Transcript of Noiva Escura Laura Restrepo

- Vistam-se bem e penteiem o cabelo, que vou levar vocês para conhecer o outro mundo - um dia Todos los Santos anunciou para Sayonara e suas quatro irmãs, Ana, Susana, Juana e pequena Chuza.

Então puseram seus aprumados vestidos de organza - reservados para as festas pátrias ou religiosas - com babados e peitilho e longas saias enfunadas com forros de crinolina, como nuvens engomadas e coloridas: amarelo-pintinho o de Sayonara, rosa- algodão-doce o de Ana, o de Susana, azul-céu, verde-hortelã o de Juana e branco-neves-de-outrora o da pequena Chuza. Arrumaram o cabelo, escovaram os dentes e se perfumaram, calçaram meias e sapatos e saíram caminhando atrás da madrinha, endomingadas em plena terça-feira, por entre brenhas e matos que ameaçavam rasgar a organza e se enganchavam no cabelo estragando o penteado. Apesar de tudo, avançavam cuidadosas e elegantes como gente da roça quando vai à cidade assistir à missa, porque Todos los Santos Ihes avisara que, se queriam conhecer o outro mundo, tinham que chegar lá com dignidade.

- Para que ninguém ouse ter pena de nós - advertiu.
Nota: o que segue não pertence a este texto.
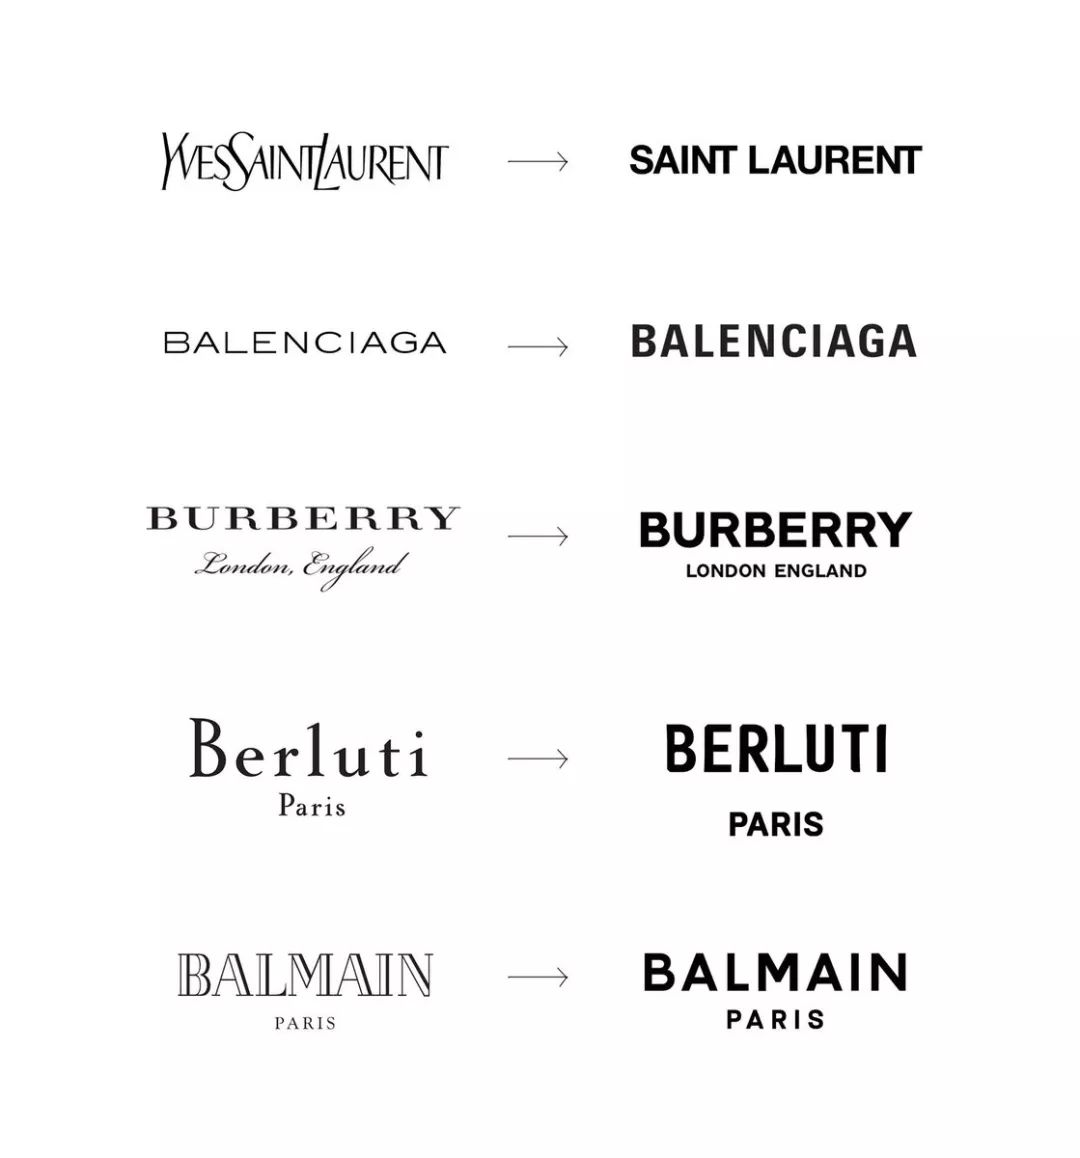 Accelerate rejuvenation. Last year, a total of 10 luxury fashion brands changed their logos

- Esse vestido pinica demais, madrinha - queixou-se Susana.

- Pois agüente.

Chegaram à cerca seguindo uma picada que Todos Ios Santos conhecia, desceram rente por um barranco e atravessaram um fio-d' água descalças para não molhar os sapatos, depois sentaram numas pedras para enxugar os pés, voltaram a calçá-Ias, pentearam-se de novo e afinal chegaram.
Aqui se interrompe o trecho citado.